One afternoon he found a seed lodged between two stones near his house. He didn't know what kind. He watered it anyway, carrying buckets from the well a half-mile down. Weeks passed. Nothing happened. He kept watering.

A girl from the town followed him one day. She'd seen him every morning for years, always silent, always alone. She asked why he climbed all the way up here when there were empty houses below. He said, "The quiet is different up here. It doesn't press on you."

She sat on a flat rock and watched him pour water over the seed that wouldn't grow. "What if it never comes up?" she asked.

"Then I'll have watered a stone for a month," he said. "That's not the worst thing."

She came back the next week. Then the week after. She brought seeds of her own—carrots, mint, something she called "moon lettuce" though he'd never heard of it. They planted them between the rocks, in tiny pockets of dirt they scraped together. Most of them died. A few didn't.

One morning, six months later, the original seed split the stone and pushed through. A pale green shoot, thin as thread. The boy stood there for a long time, just looking at it. The girl arrived an hour later and found him still standing there.

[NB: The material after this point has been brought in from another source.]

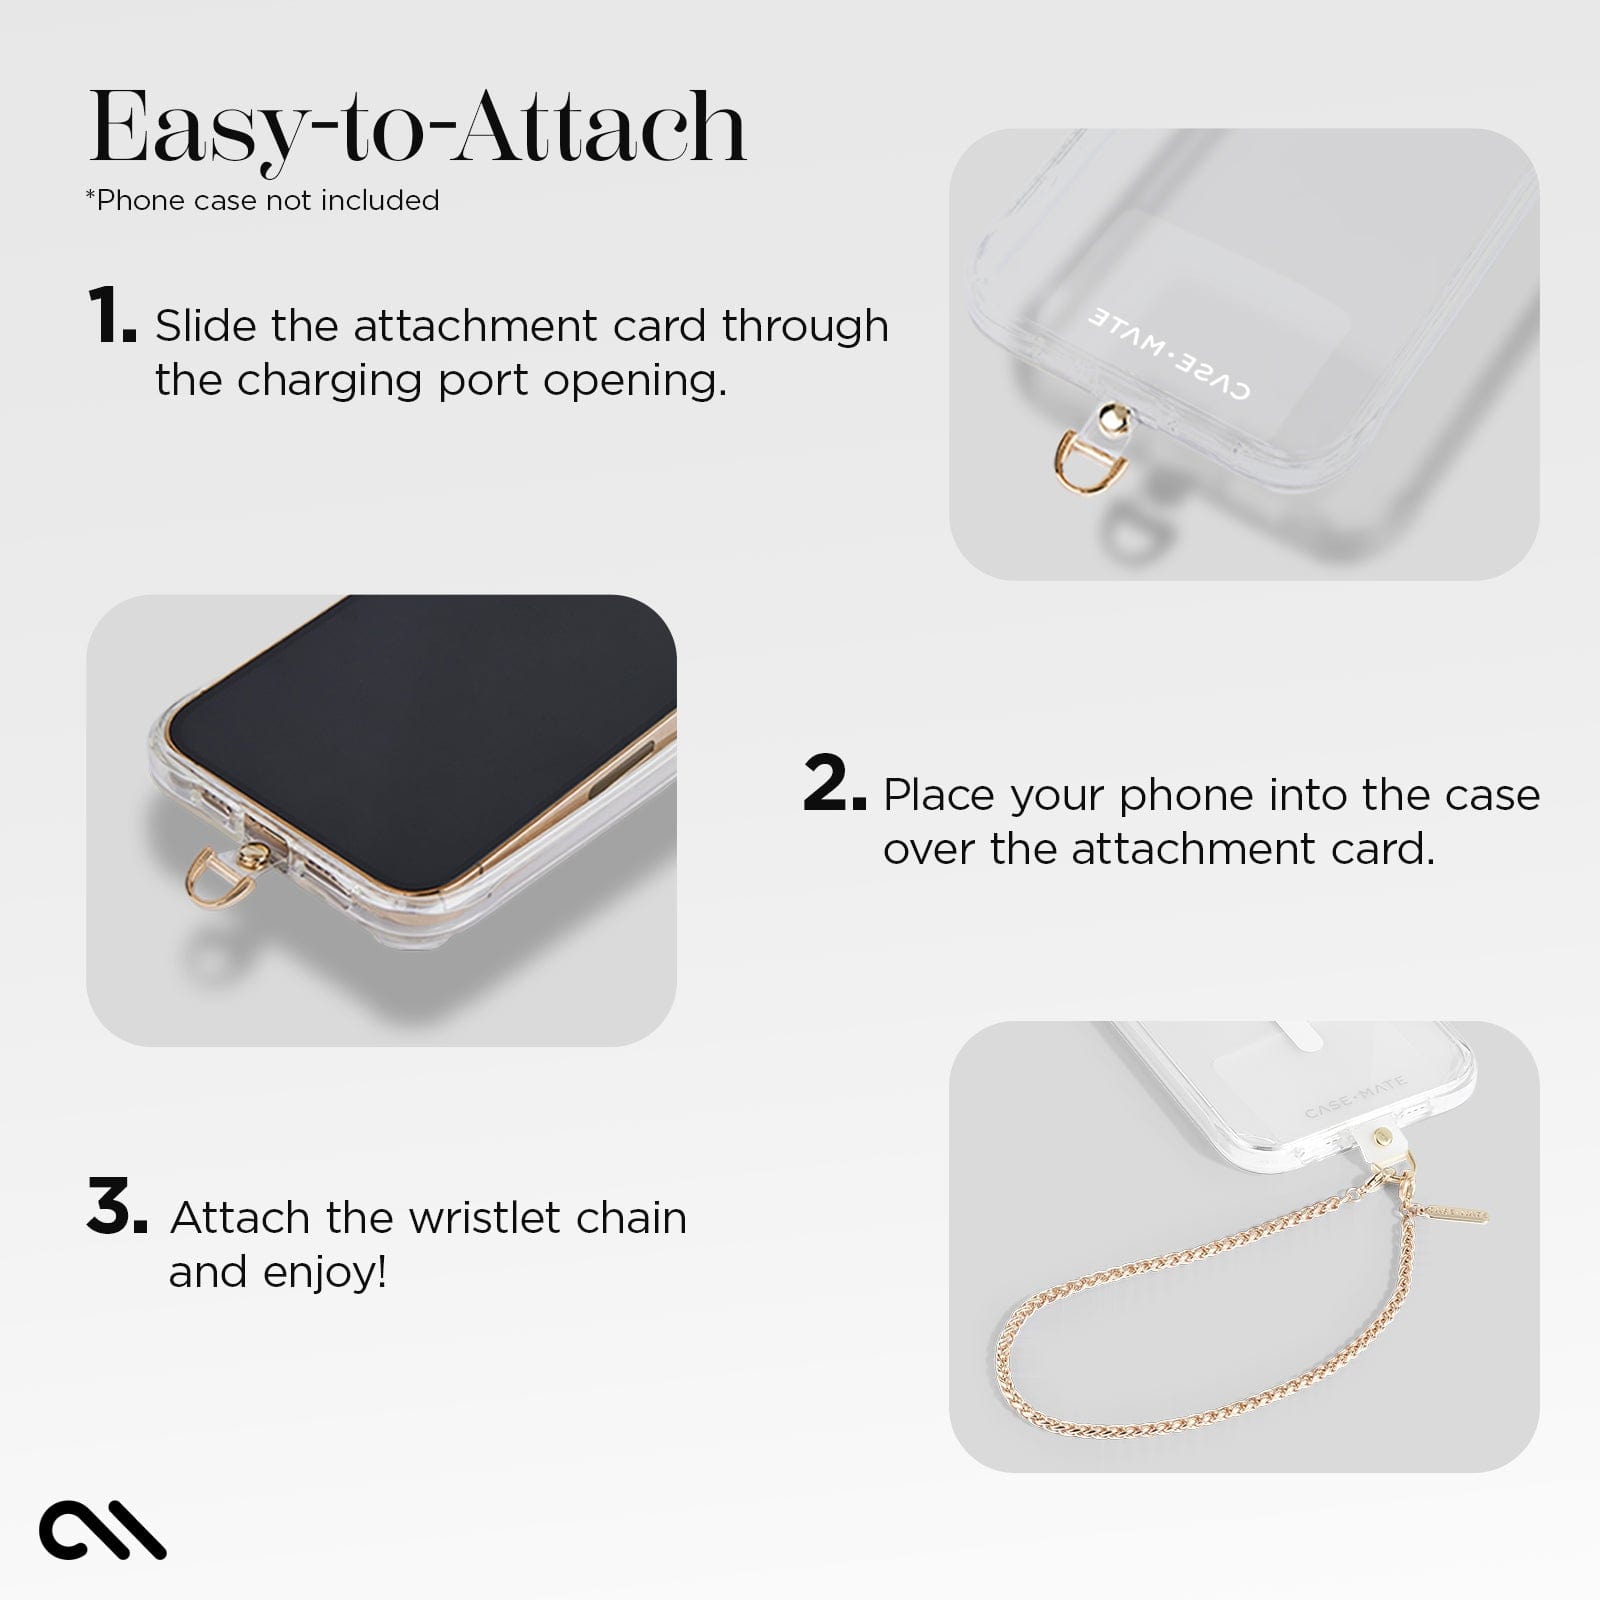 EASY-TO-ATTACH. 1. SLIDE THE ATTACHMENT CARD THROUGH THE CHARGING PORT OPENING. 2. PLACE YOUR PHONE INTO THE CASE OVER THE ATTACHMENT CARD. 3. ATTACH THE WRISTLET CHAIN AND ENJOY

She didn't ask why. She just sat down and waited with him.

By autumn, they had a garden. Not much—a handful of vegetables, a patch of wildflowers that smelled like pepper and honey. The townspeople started walking up sometimes, not for the garden, but because the hill didn't feel as remote anymore. The boy still didn't talk much. But when he did, people listened. His words had the weight of someone who'd spent a long time alone with stones and seeds and the difference between watering something and giving up.

The girl asked him once, late in the season, what he'd learned from all of it. He thought for a while. Then he said, "That waiting isn't the same as doing nothing."

She smiled. "Is that all?"

"No," he said. "But it's enough for today."